I took a corkscrew from the shelf;
I went to wake them up myself.
And when I found the door was locked,
I pulled and pushed and kicked and knocked.
And when I found the door was shut,
I tried to turn the handle, but——

With which highly satisfactory ending Humpty remarked:

“That’s all. Good-bye.”

Alice got up and held out her hand.

“Good-bye till we meet again,” she said, as cheerfully as she could.

“I shouldn’t know you if we did meet,” Humpty-Dumpty replied in a discontented tone, giving her one of his fingers to shake. “You’re so exactly like other people.”

The next square—the seventh—took Alice through the woods. Here she met some old friends: the Mad Hatter and the White Rabbit of Wonderland fame, mixed in with a great many new beings, including the Lion and the Unicorn, who, as the old ballad tells us, “were fighting for the crown”; and then as the Red Queen had promised from the beginning, the White Knight—after a battle with the Red Knight who held Alice prisoner—took her in charge to guide her through the woods. Whoever has read the humorous and yet pathetic story of “Don Quixote” will see at once where Lewis Carroll found his gentle, valiant old White Knight and his horse, so like yet so unlike the famous steed Rosenante.

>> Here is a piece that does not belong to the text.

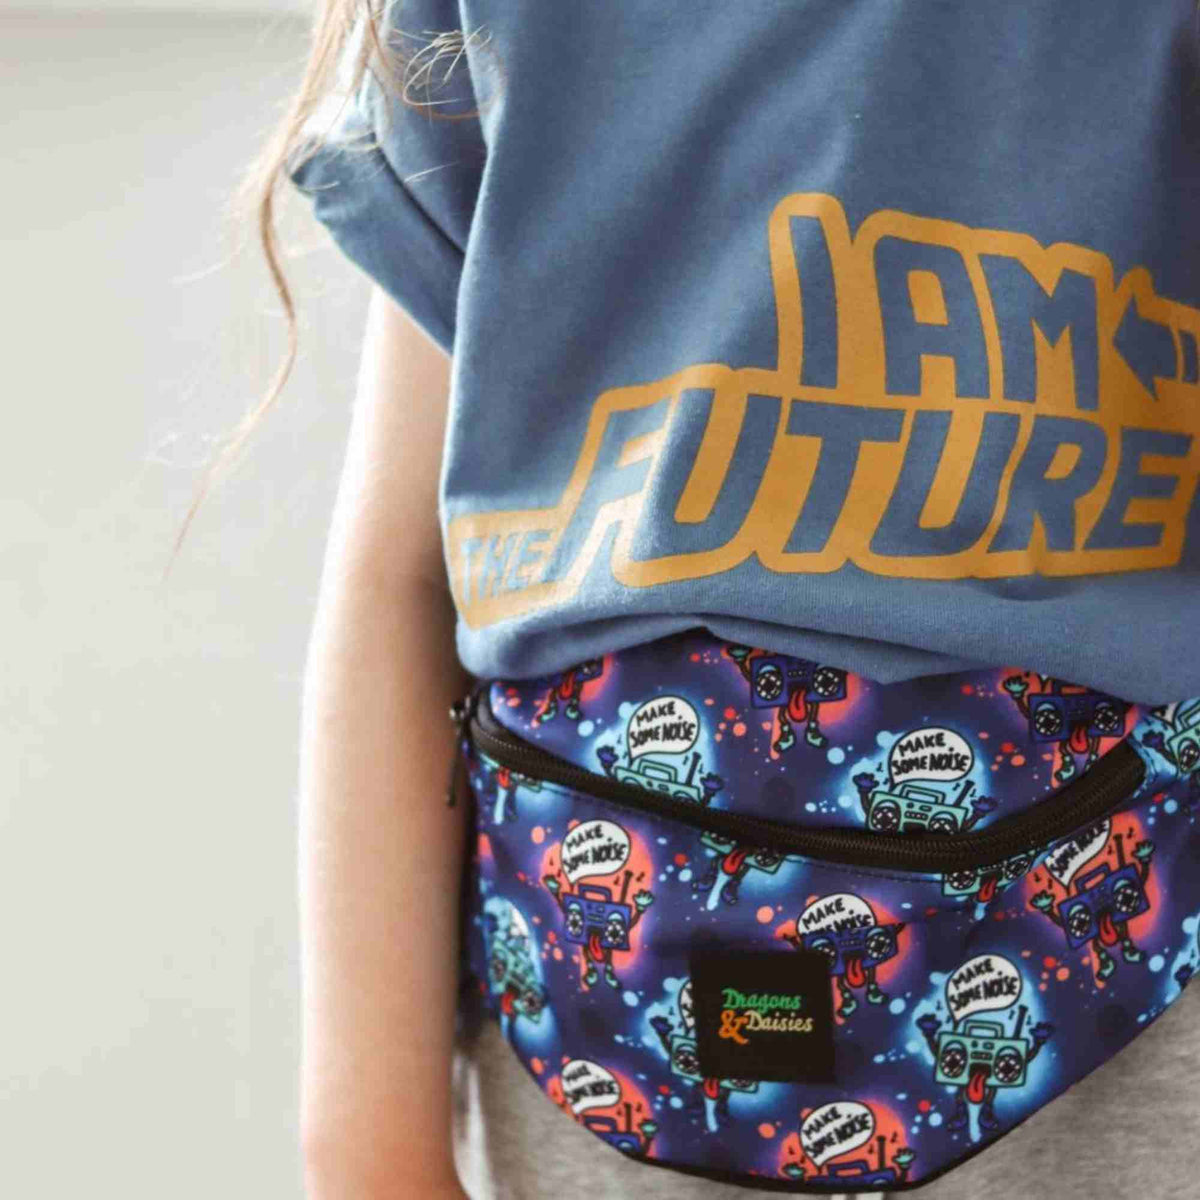 I Am The Future Unisex Kids T-Shirt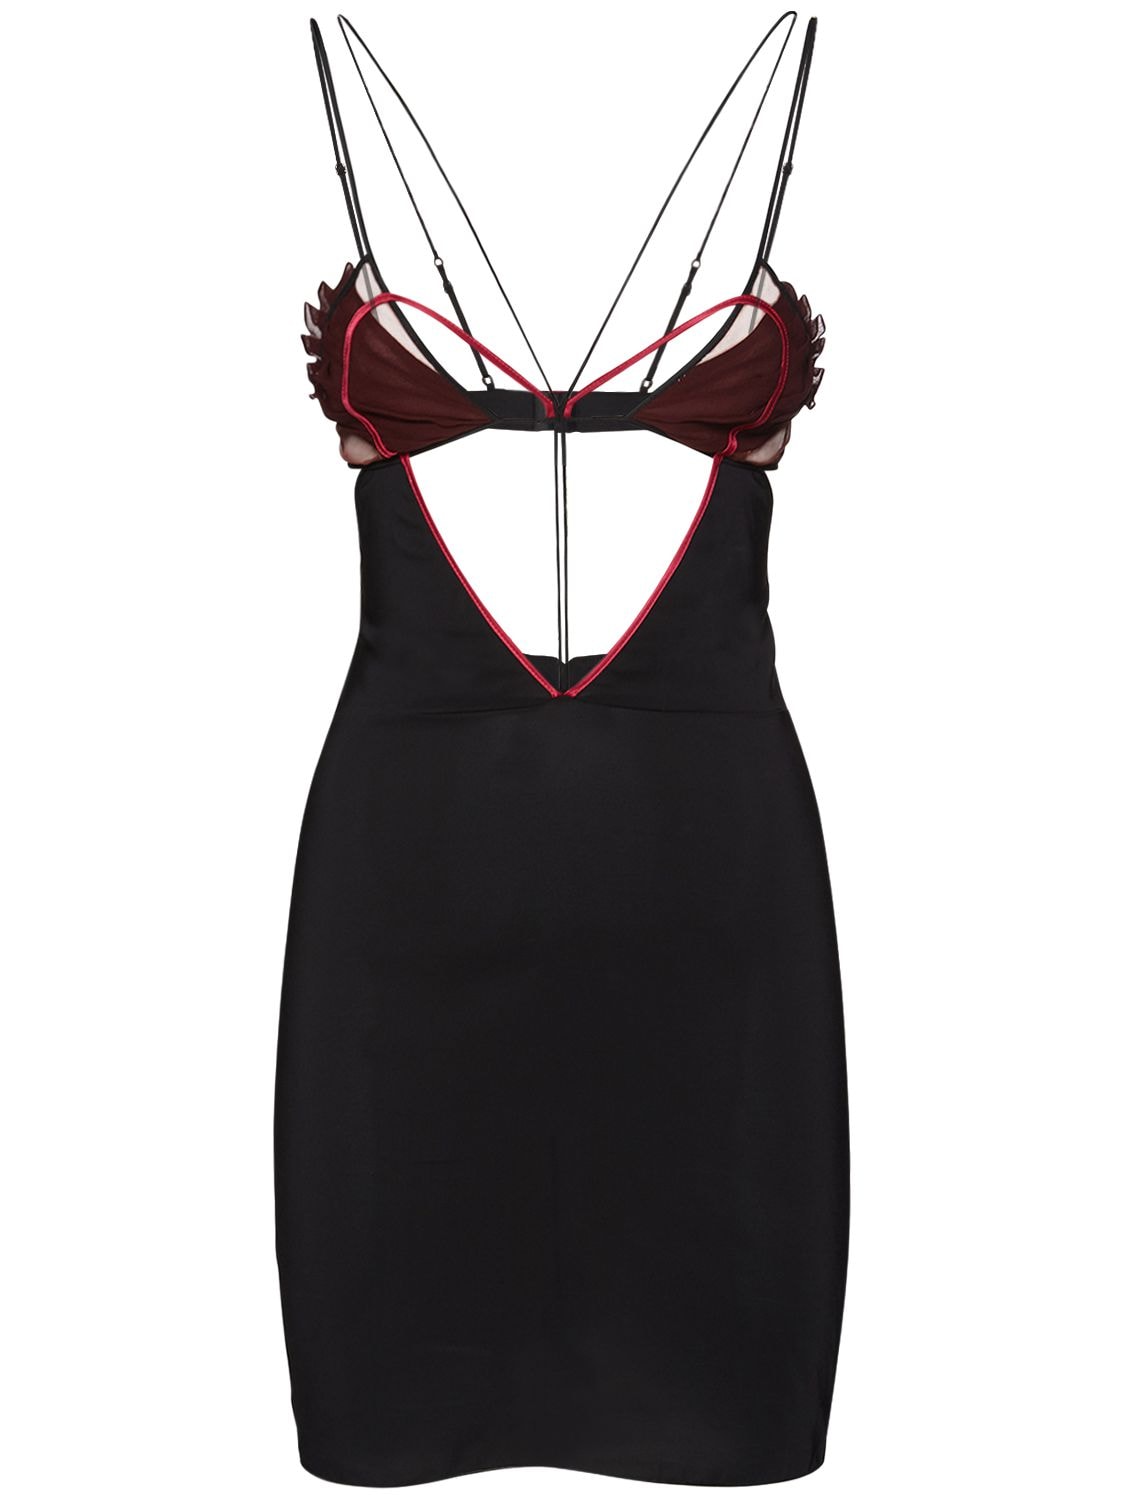 Nensi Dojaka - Heart bra fitted tulle crepe mini dress - Oxblood/Black

He, too, had a song for Alice, which he called “The Aged, Aged Man,” and which he sang to her, set to very mechancholy music. It is doubtful if Alice understood it for she wasn’t thinking of age, you see. She was only seven years and six months old, and probably paid no attention. She was thinking instead of the strange kindly smile of the knight, “the setting sun gleaming through his hair and shining on his armor in a blaze of light that quite dazzled her; the horse quietly moving about with the reins hanging loose on his neck, cropping the grass at her feet, and the black shadows of the forest behind.” Certainly Lewis Carroll could paint a picture to remain with us always. The poem is rather too long to quote here, but the experiences of this “Aged, Aged Man” are well worth reading.

Alice was now hastening toward the end of her journey and events were tumbling over each other. She had reached the eighth square, where, oh, joy! a golden crown awaited her, also the Red Queen and the White Queen in whose company she traveled through the very stirring episodes of that very famous dinner party, when the candles on the table all grew up to the ceiling, and the glass bottles each took a pair of plates for wings, and forks for legs, and went fluttering in all directions. Everything was in the greatest confusion, and when the White Queen disappeared in the soup tureen, and the soup ladle began walking up the table toward Alice’s chair, she could stand it no longer. She jumped up “and seized the tablecloth with both hands; one good pull, and plates, dishes, guests, and candles came crashing down together in a heap on the floor.” And then Alice began to shake the Red Queen as the cause of all the mischief.